Примерно через полгода после того, как это случилось, я поехал по делам в Ленинград. Там Прохоров предложил мне пойти на публичное выступление Гумилева. Состоялось оно на Васильевском острове, в роскошном здании на берегу Невы. До начала лекции я подошел к Л.Н. и рассказал о том, как мы трое слушали по радио стихи Цветаевой о нем. Он реагировал на это сообщение с некоторым даже неудовольствием: «С вами, Миша, всегда происходит что-нибудь в этом роде». Самое его выступление (а я ни до ни после его публичных лекций не слушал) произвело на меня несколько тягостное впечатление. Разумеется, говорил он блистательно – сыпал фактами, именами, датами, парадоксальными суждениями… Но все это как-то легковесно, несолидно, эдакий научный Аркадий Райкин, виртуоз на профессорской кафедре… Сама же теория «пассионарности», на мой взгляд, критики не выдерживает, ибо он объявлял явлениями одного и того же порядка и классическую греческую философию, и распространение Ислама, и Крестовые походы, и европейский Ренессанс. Я, помнится, тогда же после его выступления поделился с Г. М. Прохоровым такой идеей. Хорошо бы написать большой портрет Гумилева, а над ним лозунг – «Пассионарии всех времен – соединяйтесь!» И все же я жалею Льва Николаевича. Он в определенном смысле опоздал. Будь он лет на десять, на пятнадцать помоложе, доживи до девяностых годов не дряхлым и расслабленным, а полным сил, его слова были бы слышнее, а слава – громче. В наше смутное время «завиральные идеи» пользуются повышенным спросом. Пользуясь термином Пастернака, я могу утверждать, что Гумилев «мог бы в гораздо большей степени навязать себя эпохе».

Осенью 1991 года, когда он был еще жив, я специально включил телевизор, чтобы послушать Льва Николаевича, взглянуть на него. Он вещал, сидя в садике, на какой-то даче. Грустное это было зрелище. Он даже изумительный свой дар лектора утратил. В частности, сказал такое:

– Пассионарность передается половым путем. То есть по наследственности… Услышав это, я телевизор выключил.

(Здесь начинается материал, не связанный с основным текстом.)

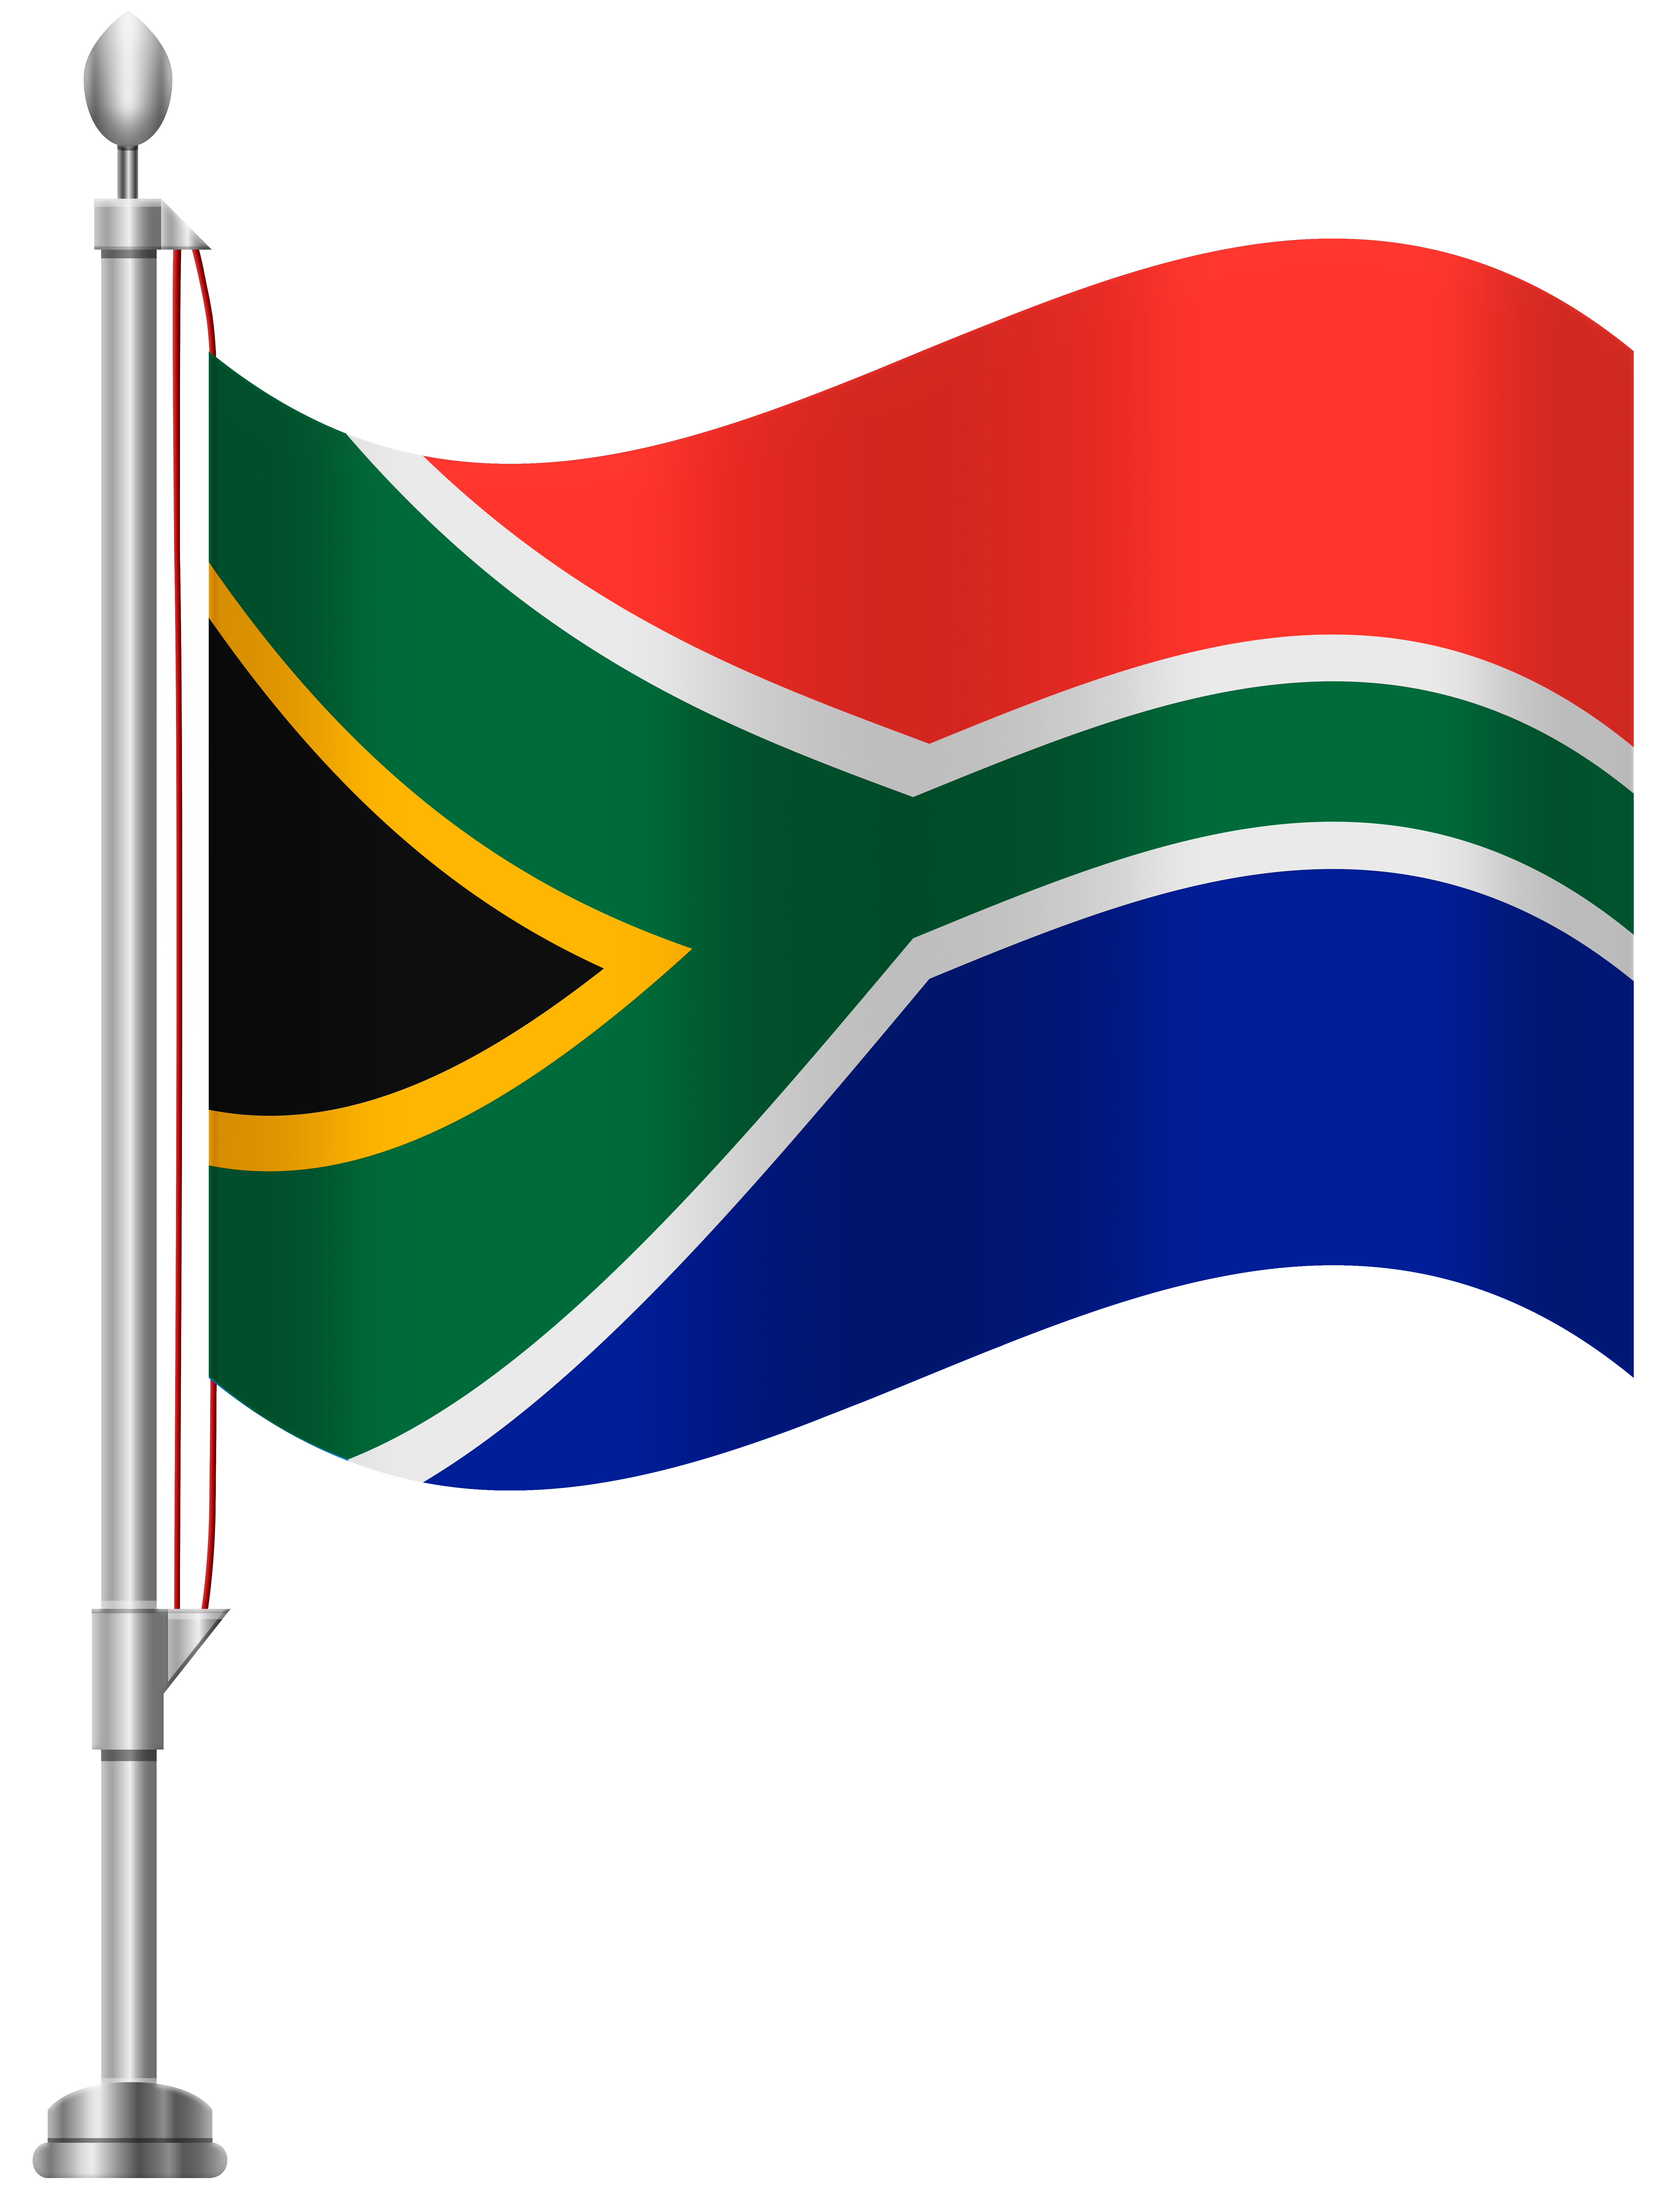 south africa clip art free - photo #10

Но вот вспоминается мне день смерти Ахматовой – 5 марта 1966 года. Я был тогда в Ленинграде, вечером поехал в ее квартиру на улице Ленина. Несколько позже моего появления – звонок. Дверь открывают, и в прихожую входит Лев Николаевич. Он снимает шапку, смотрит на нас и произносит:

– Лучше бы было наоборот. Лучше бы я раньше умер. Тогда же, в марте шестьдесят шестого состоялся наш с ним единственный разговор об его отношениях с матерью, о причинах ссоры с ней. Было это на девятый день после смерти Анны Андреевны, мы поехали к нему домой после панихиды в Гатчинской церкви. Он мне сказал такую фразу:

– Я потерял свою мать в четвертый раз. И далее он перечислил: первый – какое-то отчуждение в 1949 году, второй – в пятьдесят шестом, сразу после освобождения, третий – последняя ссора, когда они перестали встречаться.

В тот день я получил от него подарок – пять фотографий. Первая – сорок девятого года, до второго ареста. Затем последовательно – тюремная, лагерная, где он держит дощечку со своим номером, еще лагерная – из последних, с бородой, и, наконец, снимок пятьдесят шестого года, после освобождения. Помнится, он разложил это все на столе и говорит:

– Полюбуйтесь, путь ученого… Это – за папу… Это – за маму… А это – за кошку…

Михаил Ардов

Михаил Викторович Ардов – писатель, публицист и мемуарист, клирик Российской православной автономной церкви, протоиерей. Сын писателя Виктора Ардова.